To find out, we contacted Colleen Sen, author of Feast and Fasts: A History of Food in India and an expert in South Asian cooking. Keeping in mind the country's varied regional food preparations, she gives us an overview of flavors and dishes you'd find on a typical Bangladeshi restaurant in America. Most of those, by the way, are located in New York (Jackson Heights, Queens, specifically) and Houston, both of which have high concentrates of Bangladeshi immigrants.

For starters, the rice and bread so common at Indian restaurants are also a major component of Bangladeshi food, but with slight differences. Whereas an Indian restaurant would typically serve basmati rice, Bangladeshi eateries tend to serve standard white rice. Additionally, Bangladeshi breads typically are made of white wheat flour, not whole wheat flour like Punjabi or Northern Indian breads; a staple is luchi, a deep-fried, puffy flatbread.

Fish also features heavily on Bangladeshi menus, especially lake and river fish. Halsi, a small and oily mackerel-like fish, is a sought-after dish, often served fried. Carp is common as well. Any type of fish might be fried in mustard oil, a typical cooking medium.

Like Indian cuisine, Bangladeshi food can be spicy or mild, depending on the specific dish and the chef preparing it. The regional equivalent of garam masala is panch phorom, which means "five spice" and originates in West Bengal. It consists of cumin seed, fenugreek, fennel, black mustard seeds, and nigella, a black, crunchy seed that some say tastes like toasted onions.

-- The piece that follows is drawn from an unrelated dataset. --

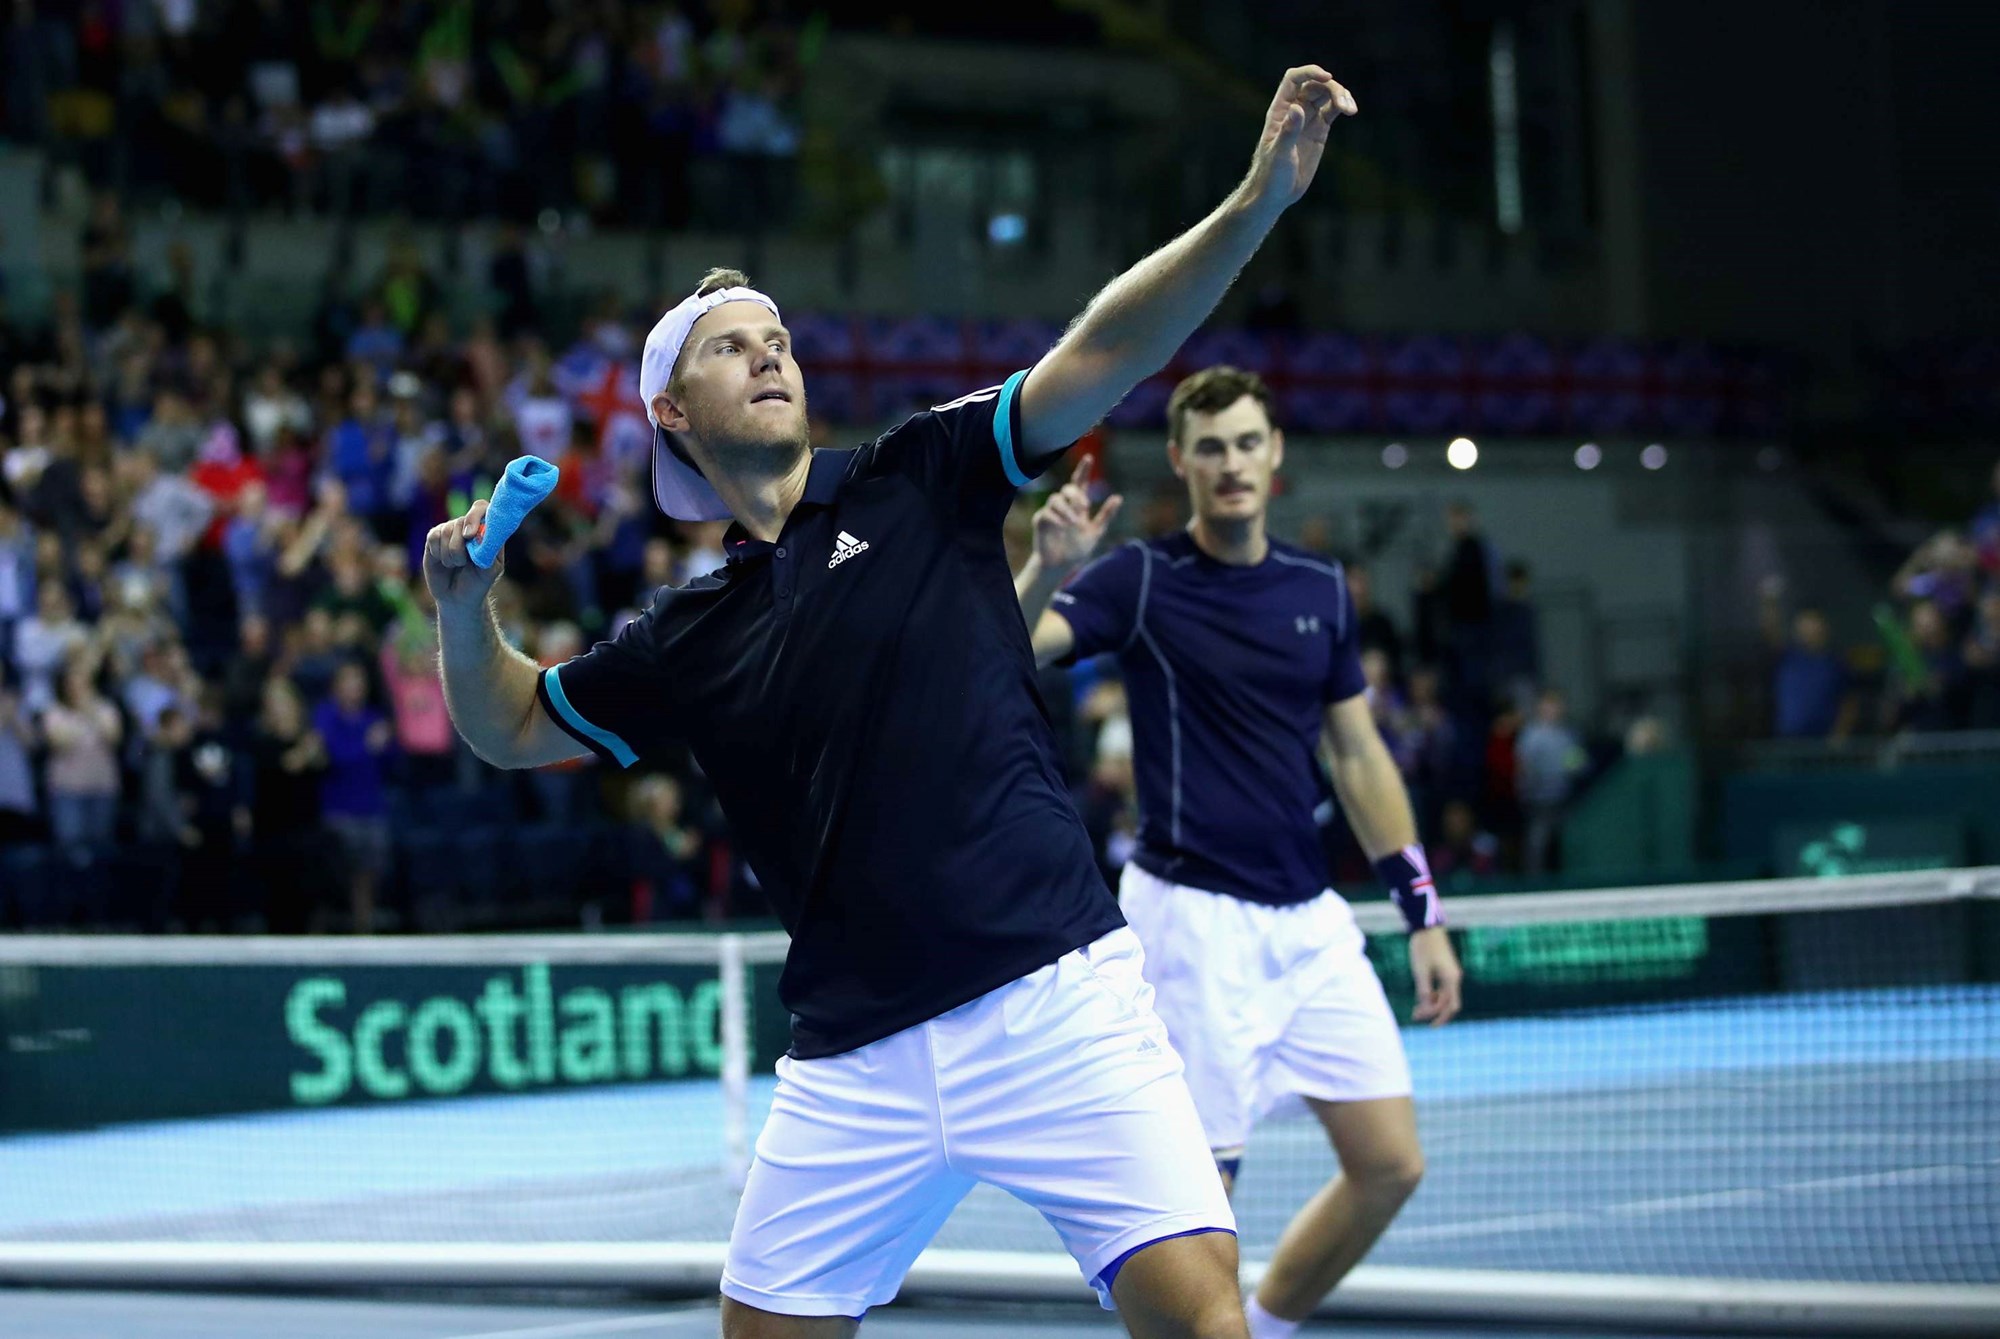 Dom Inglot celebrates a Davis Cup win in Glasgow by throwing his wristband into the crowd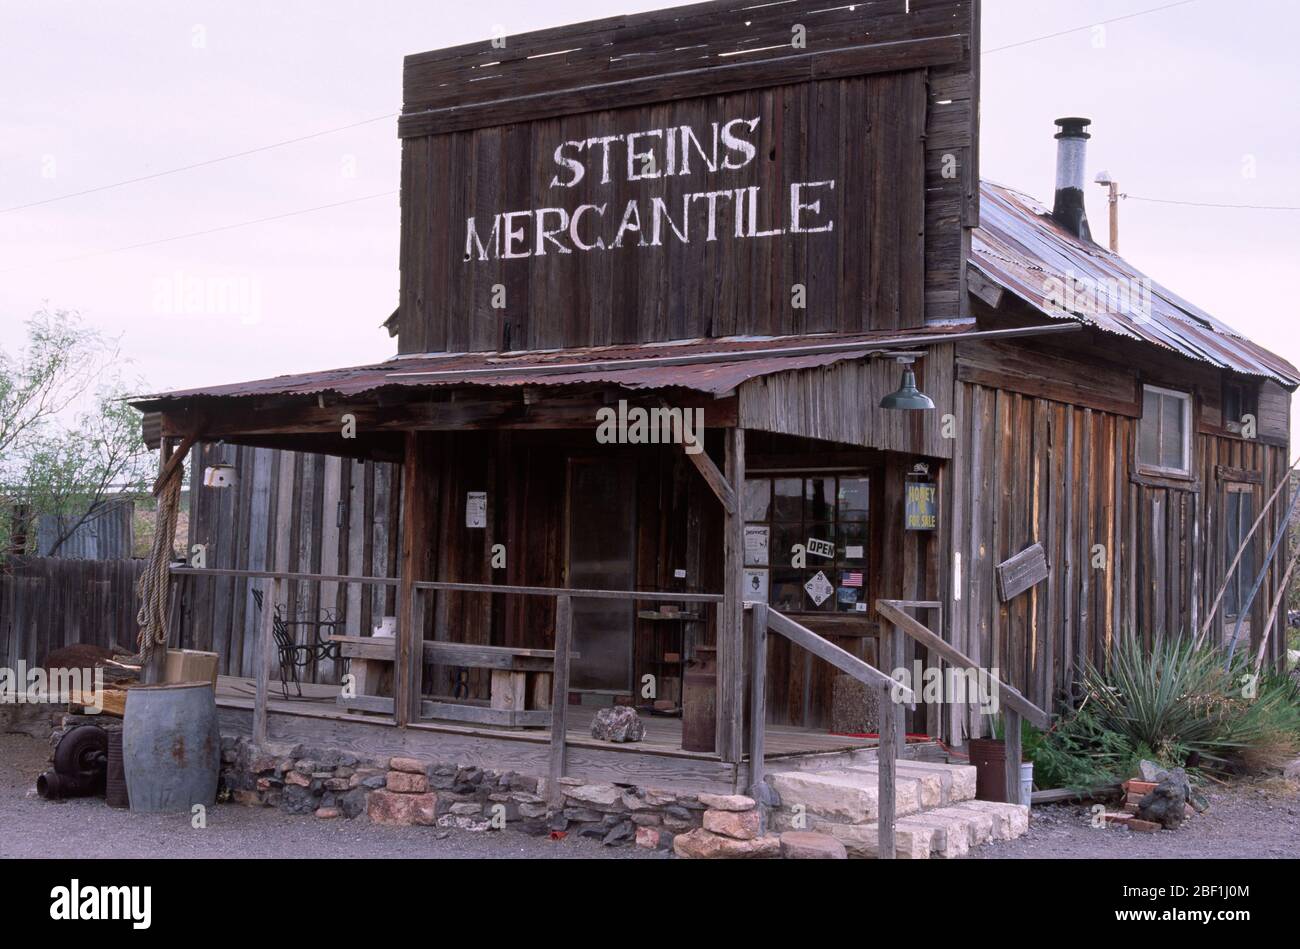 Mercantile, Steins Ghost Town, New Mexico Stock Photo

Because Bangladesh is a majority Muslim country, unlike Hindu-dominated India, beef features more prominently on its menus than those of Indian restaurants. There are still lots of vegetarian dishes, though, because average residents of Bangladesh often cannot afford meat as a component of all their meals. One way Bangladeshi restaurants often prepare meat is called rezala curry, a spicy yogurt-marinated meat dish that's white in color and can be made with chicken, beef, or lamb.

Sen says her favorite dish, though, is Mughlai paratha, a white flour paratha (a kind of flatbread also typical of India) filled with a spiced egg mixture, sort of like an omelet. Then the bread is rolled, fried, and sliced, so it resembles a quesadilla or crepe.

Finally, no Bangladeshi meal would be complete with dessert. Bangladesh is known for its sweet tooth, and Sen says its desserts are considered as refined as French pastry. Milk is the base for many of them, as it is with Indian desserts. But instead of cooking the milk down, Bangladeshis separate it into its curds and whey, then soak the whey in sugar. Mishti doi is a sugared yogurt dessert Sen says she can't get enough of; it's custardlike and can be seasoned with cardamom.

All of this sounds intoxicating to me, and I'd love to jump on what is apparently a wave of interest in this South Asian cuisine. But with most of the Bangladeshi restaurants in the U.S. clustered in just a couple cities, I'll have to wait for my next East Coast vacation.